As controversial and daring this film was in 1995 it would be even more so today since society has become more sensitive and safe. I do not believe you could make this film scene for scene today and get it released to theatres. The outcry which existed in 1995 would be outrage today. Yes, most critics killed this movie in the 1990s, Disney balked at releasing it, the censors gave it an NC-17 rating which was the replacement for the X rating and much to the director's credit he refused to cut the movie and decided to release it unrated. People were quoted in newspaper articles calling the movie "evil" and "pornography" but in today's society public outrage on social media and television would place enormous pressure on theatres and online streaming services to not show it. We have become a censored society and that's a shame. I believe art such as film should not be censored and it is healthy if art challenges our beliefs and perspectives - good art should do just that. This movie was not a documentary after all and it was not illegal.

People project onto this film what they want to believe. You can claim that it was a wake up call for adults as to what the teenagers of that time were doing and the dangers facing them. You can also claim that the film glorifies the sex, the drugs, the violence and what some may consider deviant, anti-social behavior. The movie makes no moral judgements on what is taking place in the film. This movie is like a reflection from a mirror being held up by the director and writer on society and this is what it witnessed.

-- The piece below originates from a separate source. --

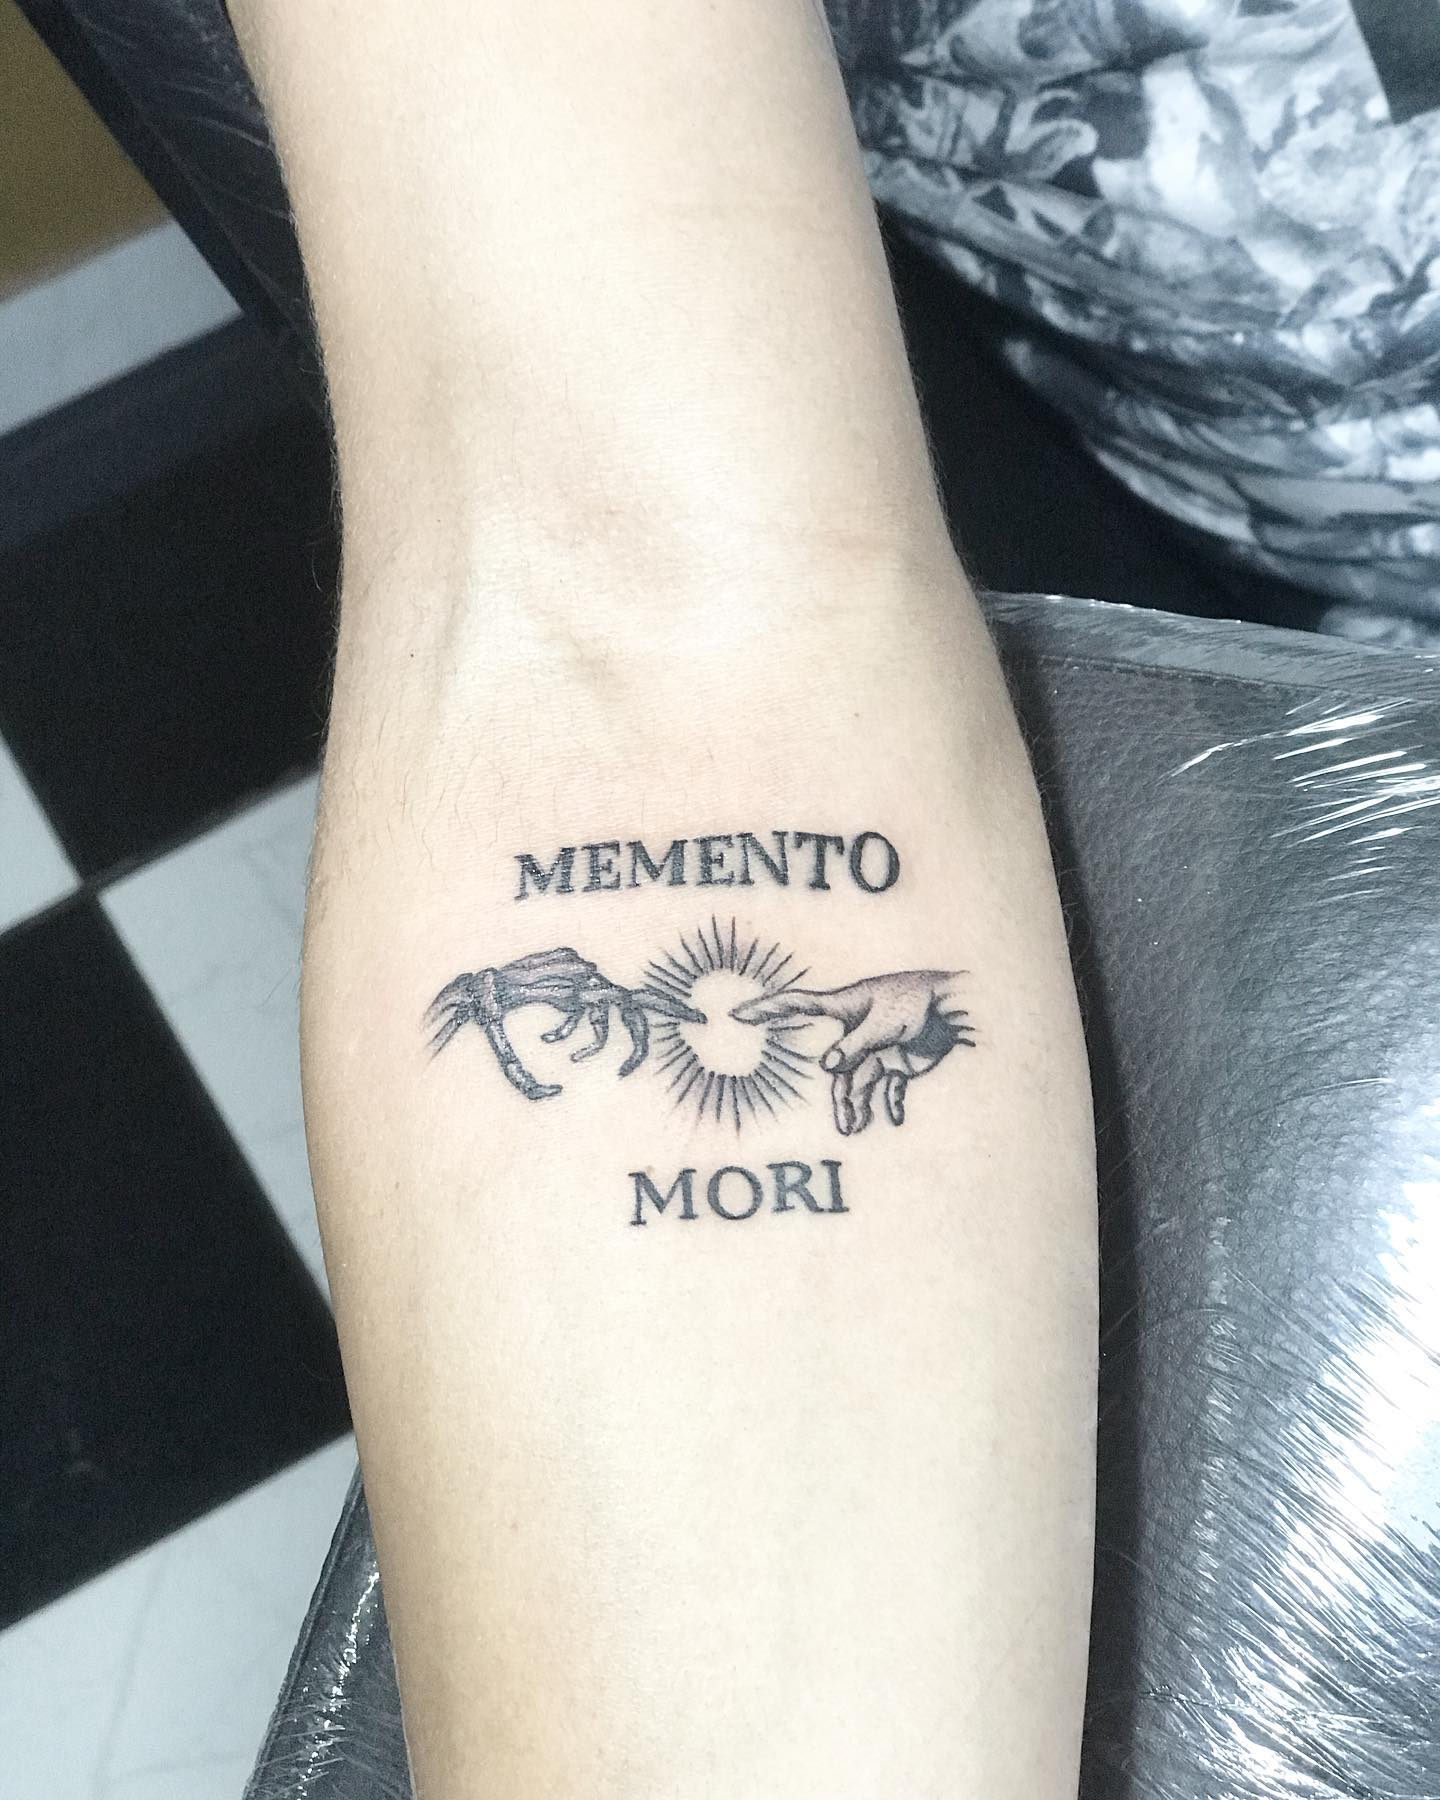 Memento Mori Tattoo  Best Tattoo Ideas Gallery

One could argue that it promotes homophobia in the scene where two gay men are harassed by the skater kids in the park but that scene was realistic in the 1990s and still is today in some places. It can be argued that that scene provides an example of gay life and the threats that gays face. I don't suspect that scene is there in the film to promote homophobia but neither am I certain what the intent is either. I can only project my own perspective onto the film because of the lack of moral direction in it.

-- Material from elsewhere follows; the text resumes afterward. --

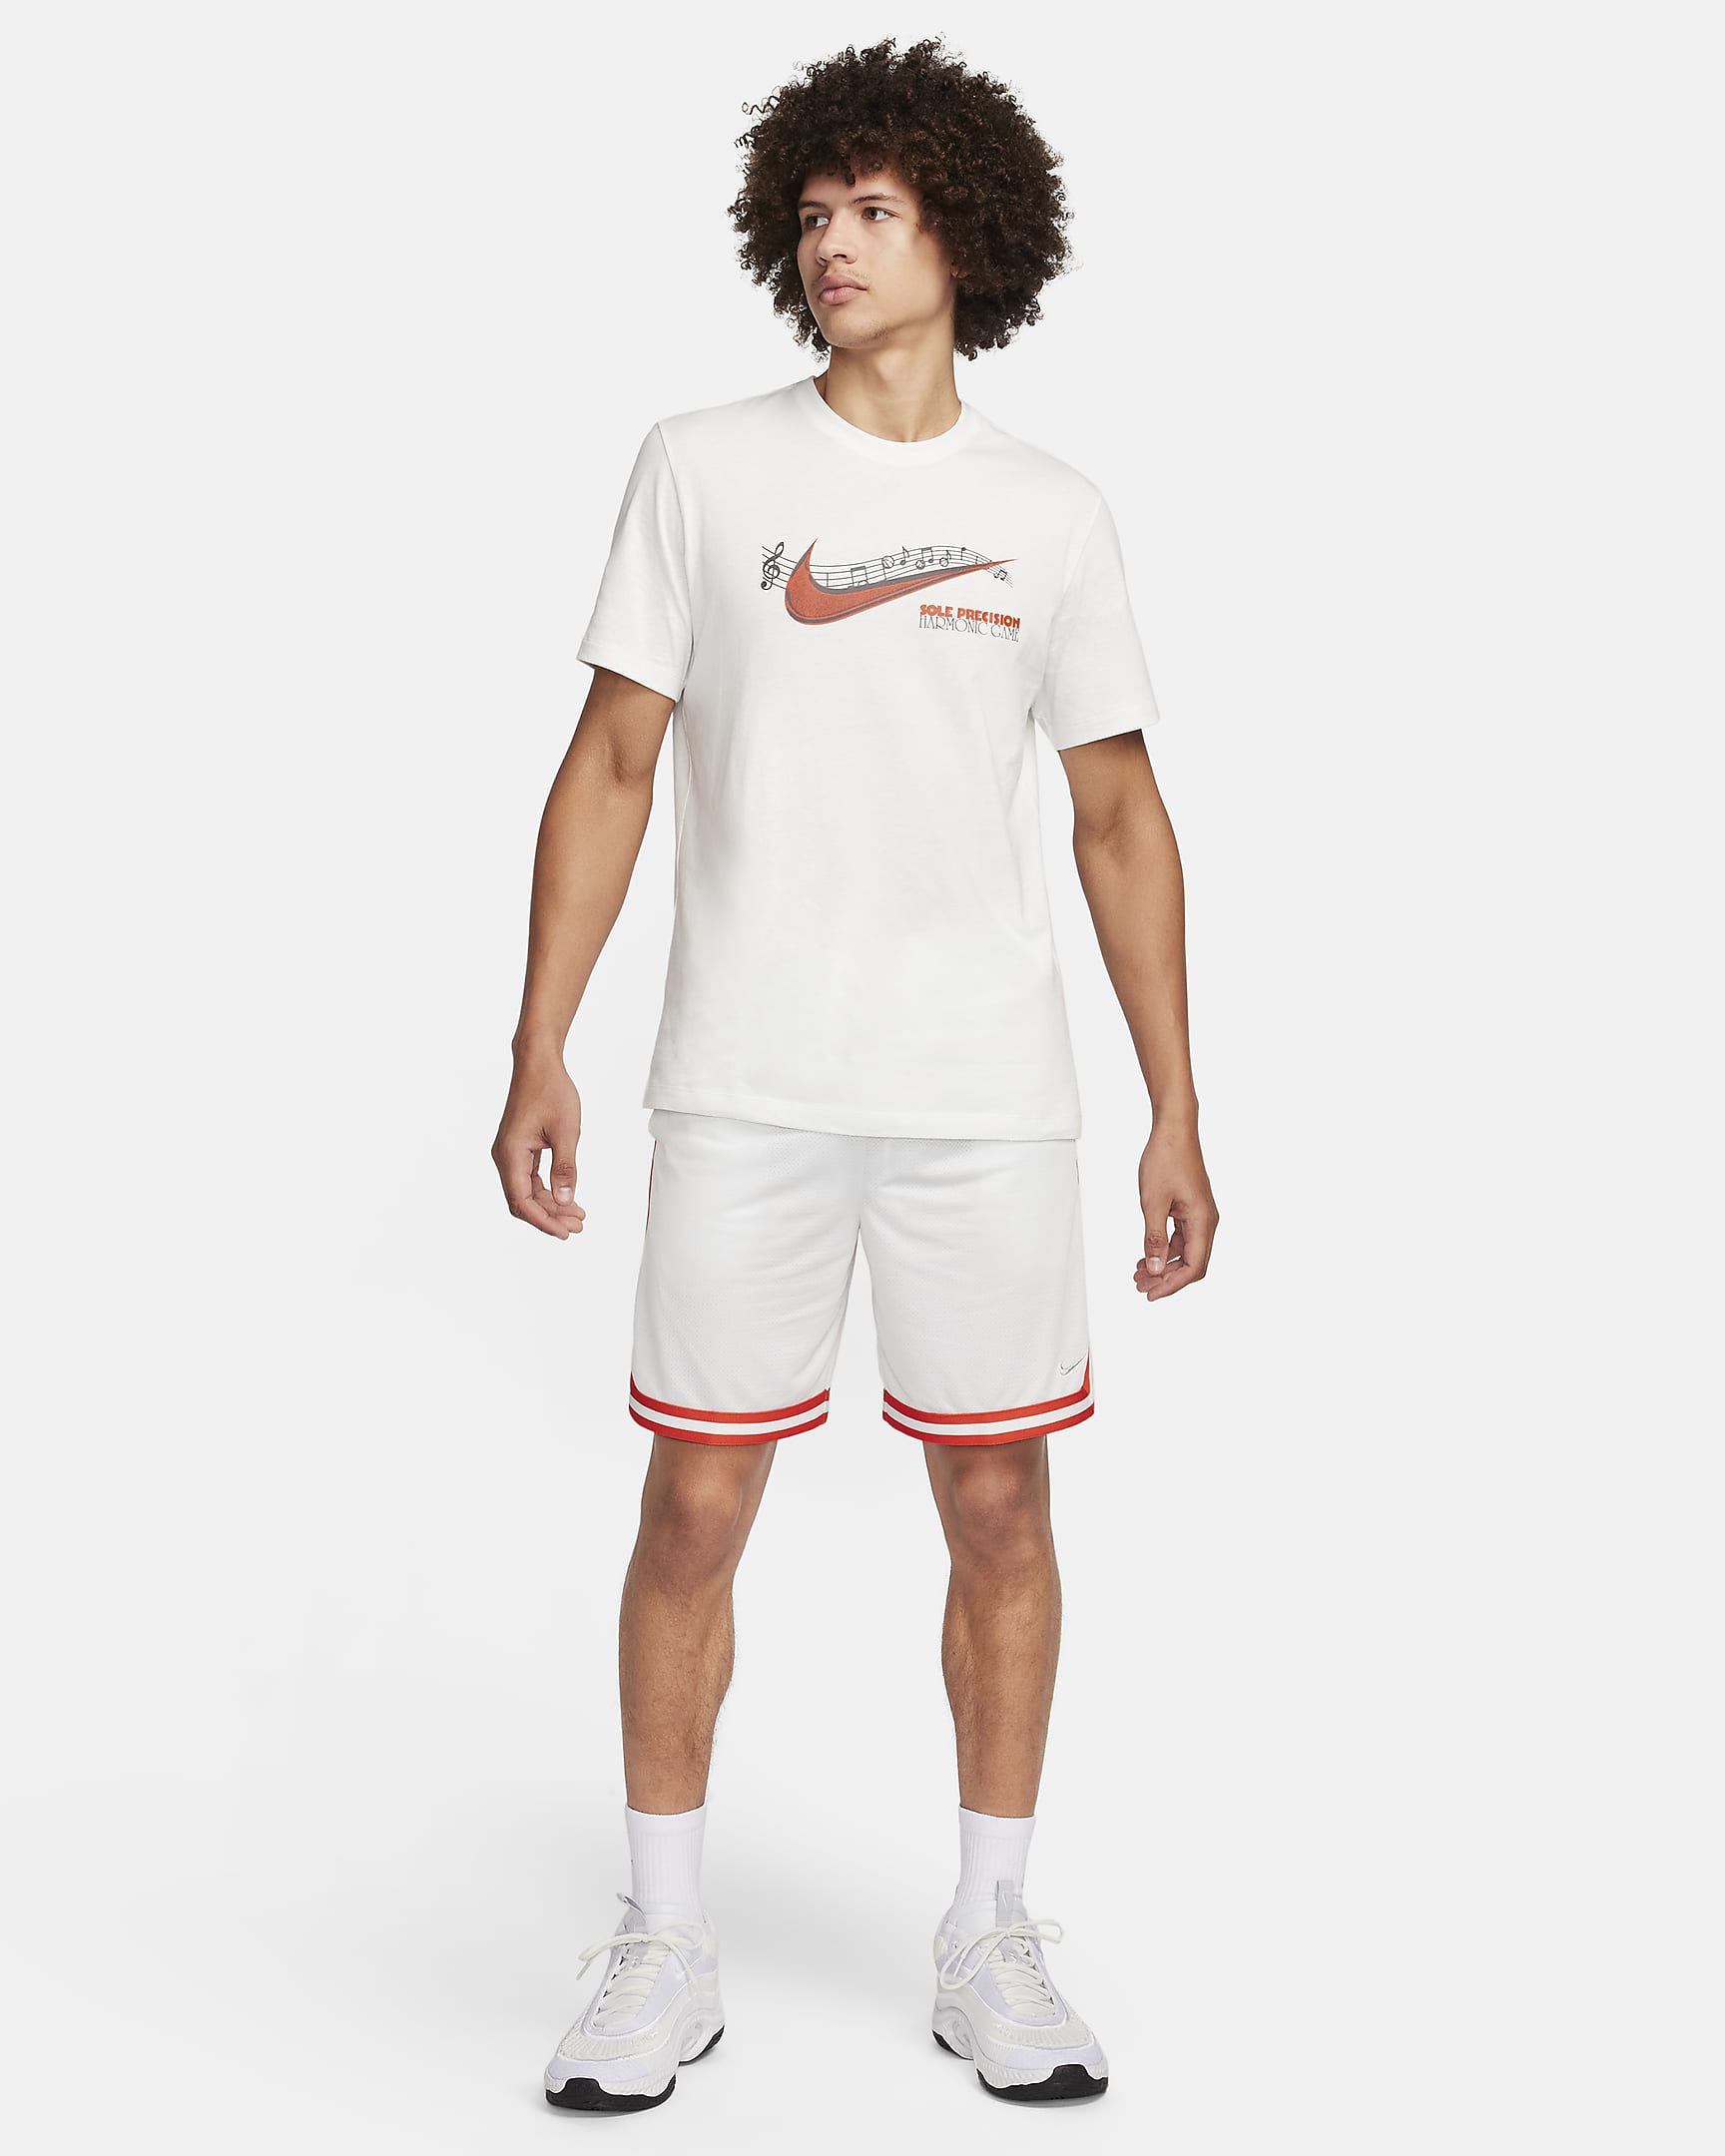 Nike Men's Basketball T-Shirt. Nike HU

As the character Casper wakes up from his stupor at the end of the film he acknowledges the camera and asks, "Jesus Christ, what happened?" Through all the blur of sex, drugs and violence at the end of the film the viewer has to answer that question for themselves.

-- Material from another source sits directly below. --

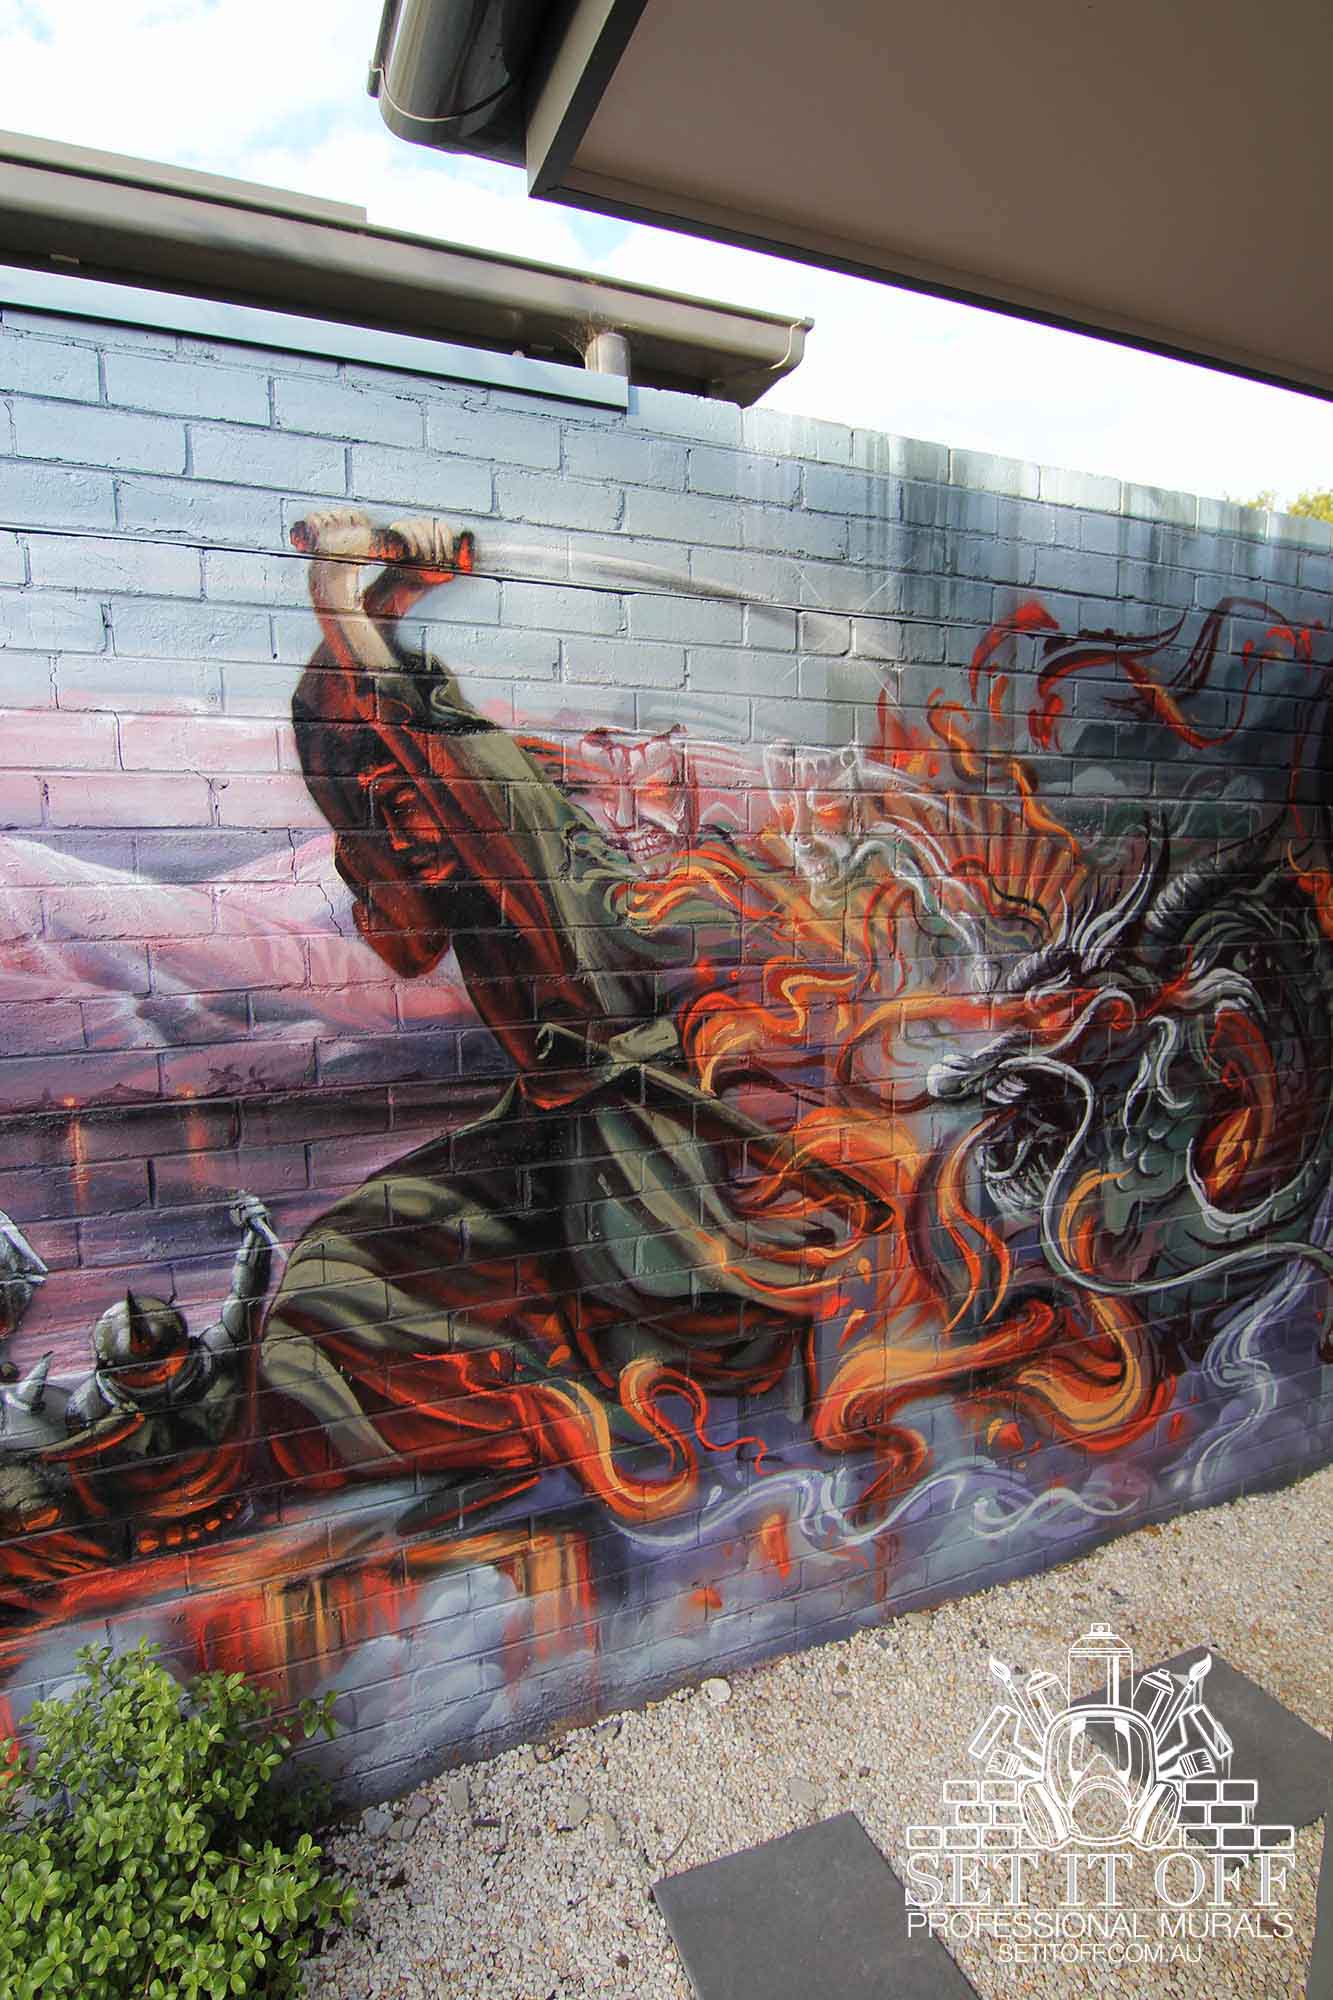 Samurai outdoor graffiti wall mural

The credits roll to the song Spoiled performed by Sebadoh with the lyrics, "spoiled children soon to fall, freedom is the lie we live, we will wait for tragedy, and scatter helpless to the fire, sorry for ourselves, sorry for the things we've seen, no one cries for help, waiting for the fire." Perhaps the entire truth of this dark movie is right there in that song.

Even in the span of twenty-four years since its release, Kids is not a film that has been tamed by time. It may be even more daring and perplexing today and that is a sign of important work. I recommend watching it if you've never seen it or you have not seen it in a years.